_WHAT NEEDS TO BE DONE:_ Transcribe the full listing exactly, and drop every picture.

_DATA SECTION:_
%%

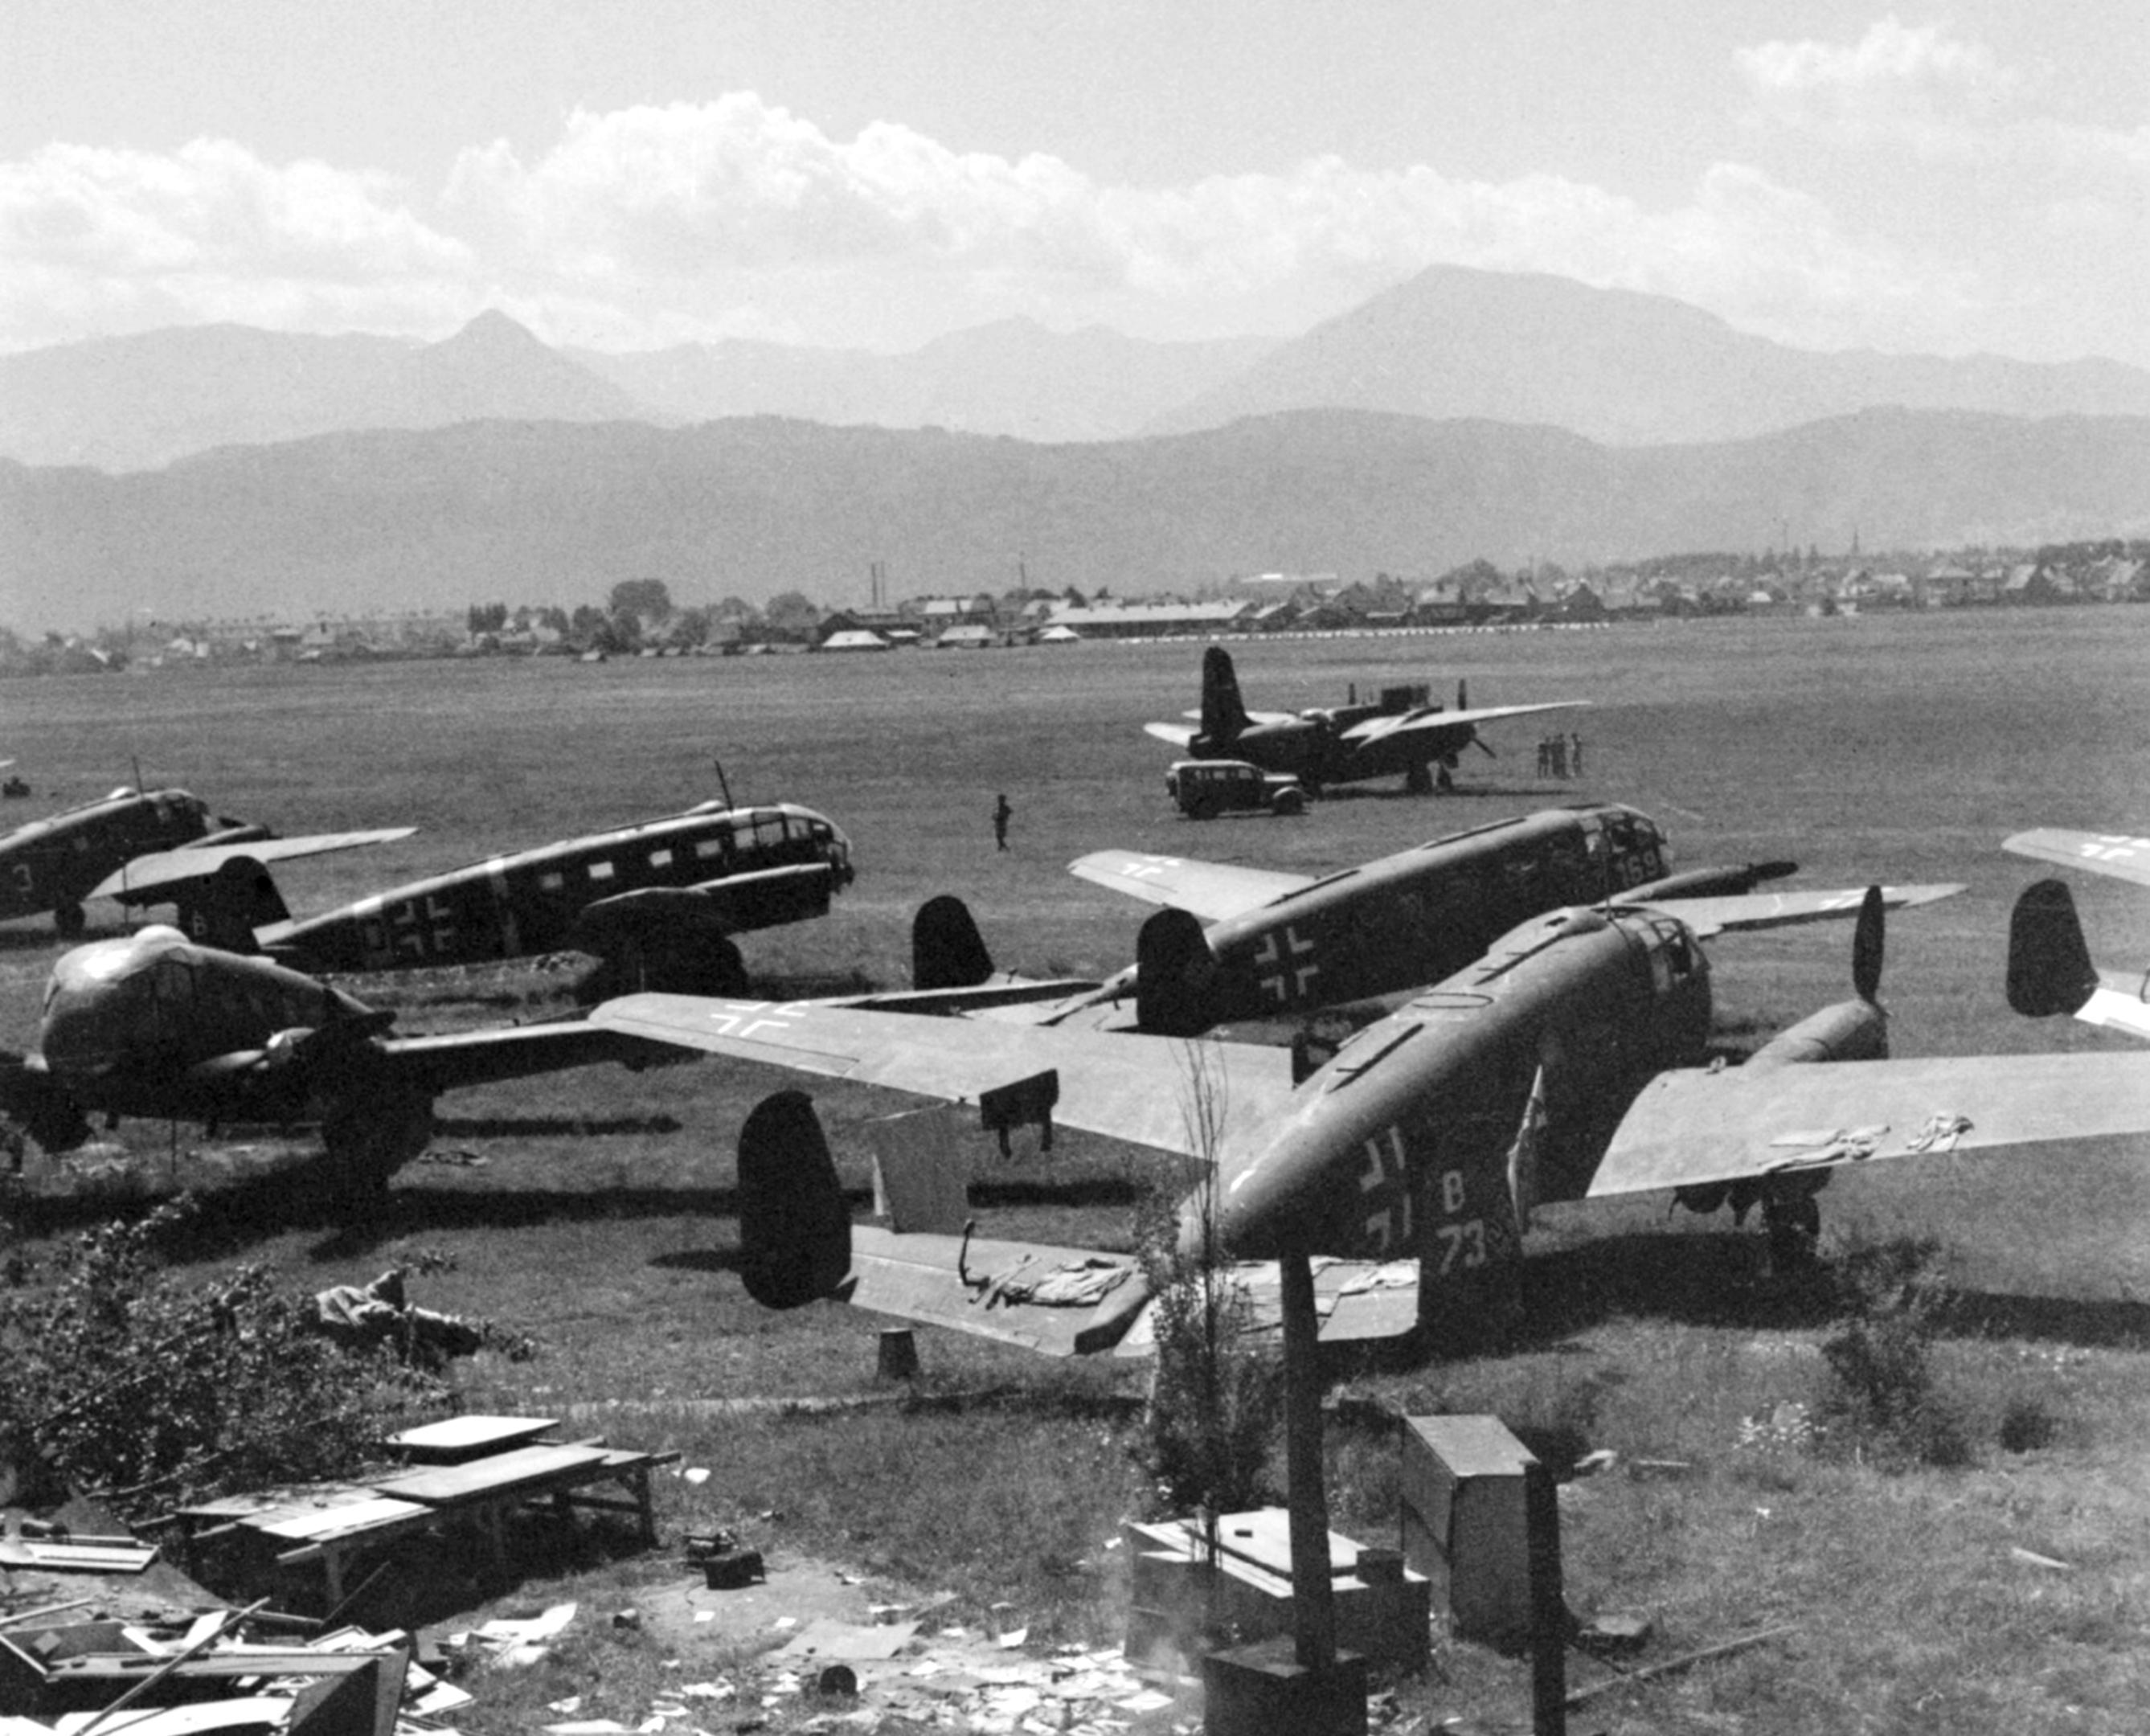 Luftwaffe Siebel Si 204 captured by RAF 232 Wing at Klagenfurt Austria IWM CNA3636a
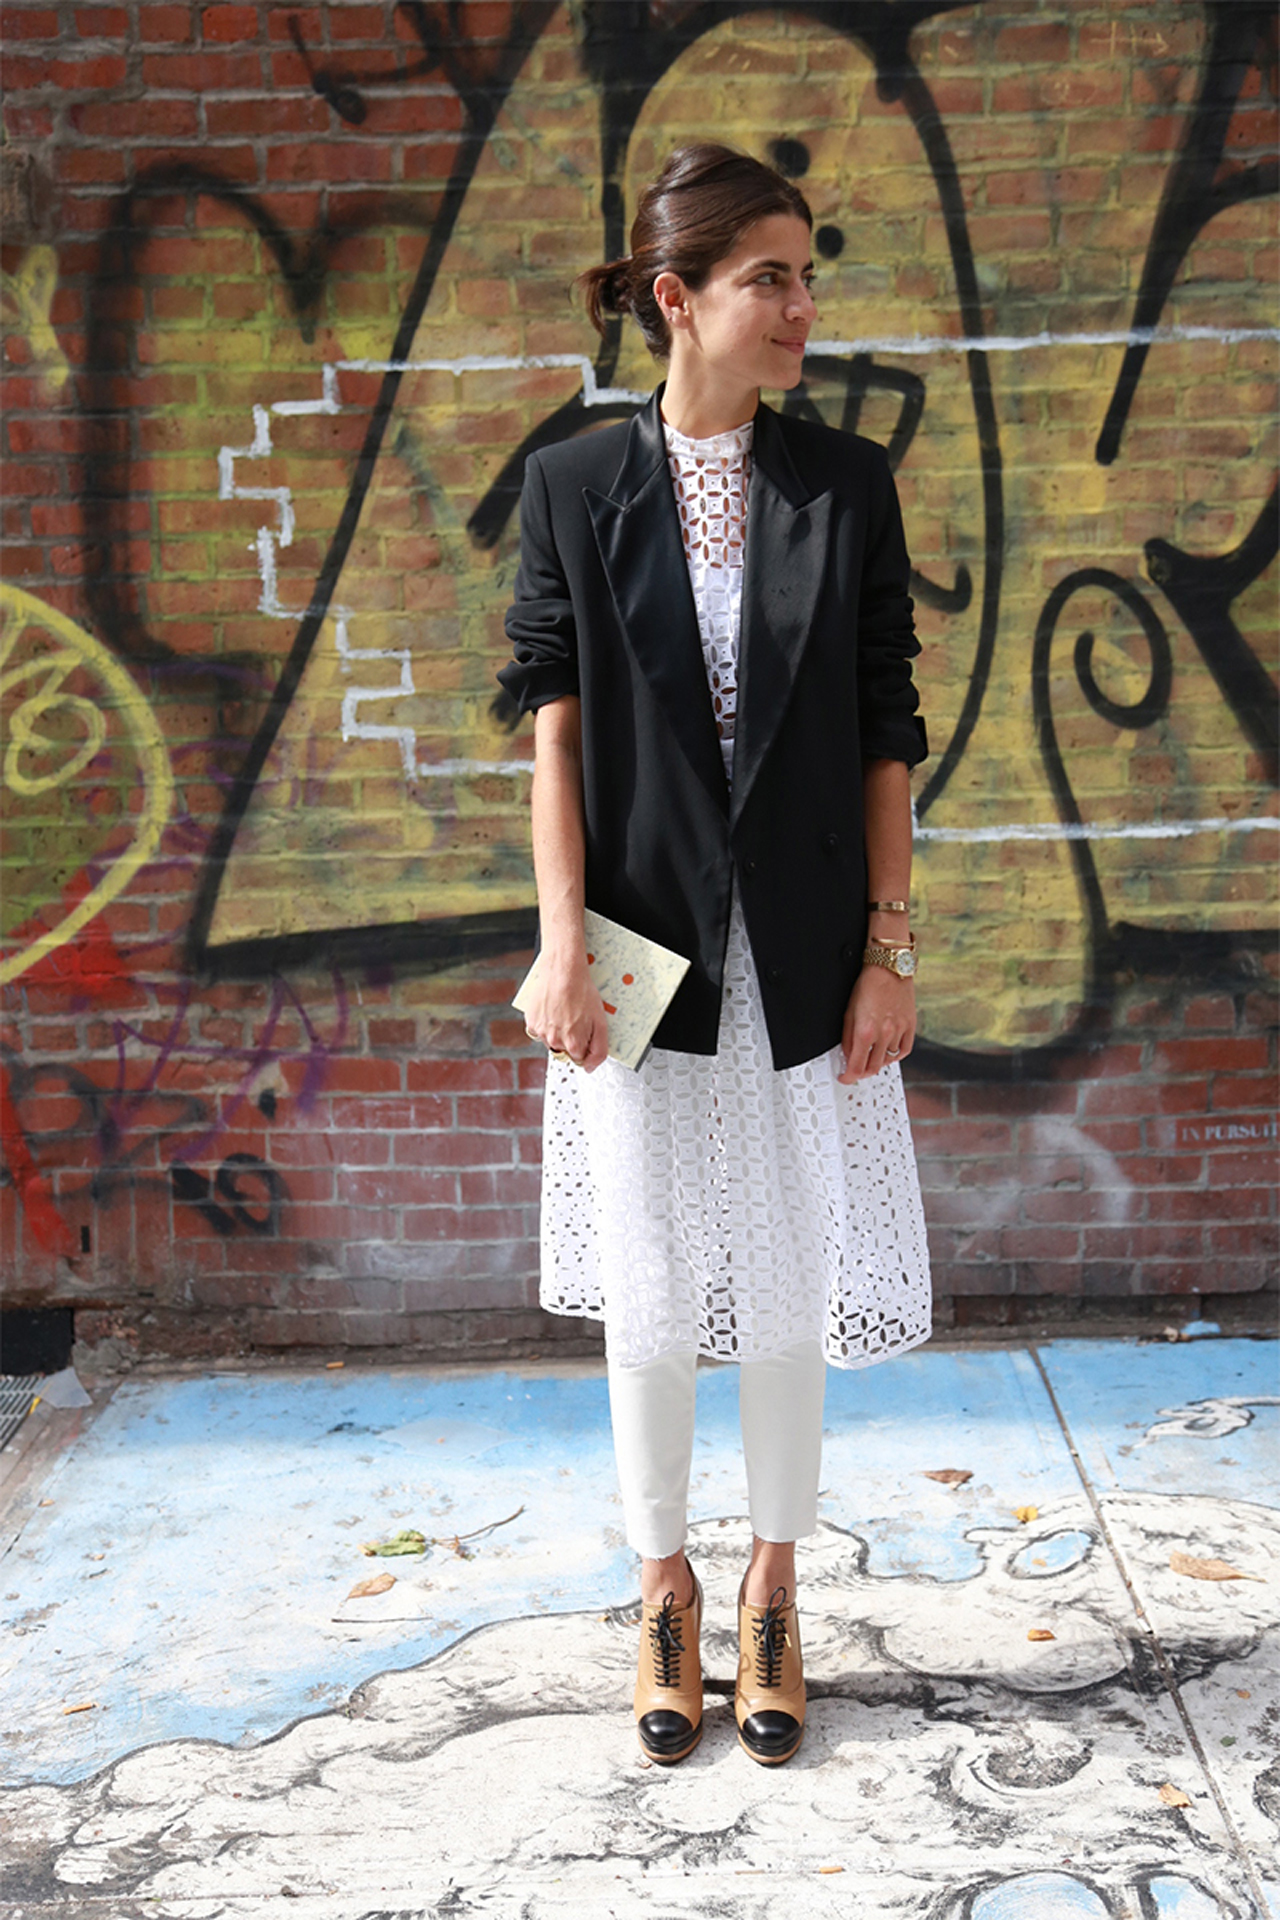 vestito_sopra_i _pantaloni_dressing_and_toppings_2
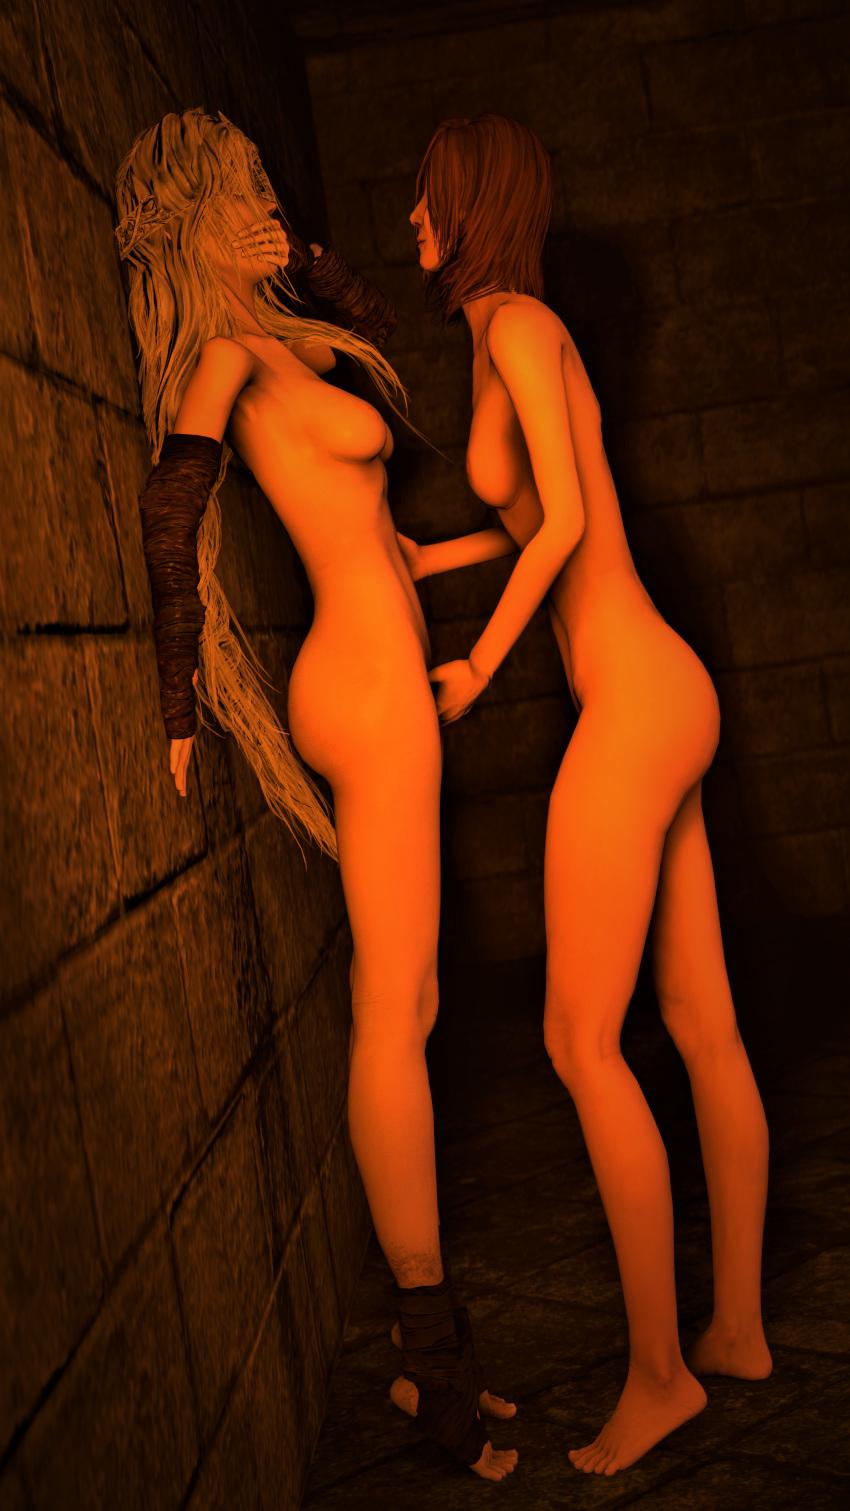 souls dancers dark 3 armor Furry giantess micro in underwear

%%

_EXERCISE RESPONSE:_
 Luftwaffe Siebel Si 204 captured by RAF 232 Wing at Klagenfurt Austria IWM CNA3636a
 vestito_sopra_i _pantaloni_dressing_and_toppings_2
 souls dancers dark 3 armor Furry giantess micro in underwear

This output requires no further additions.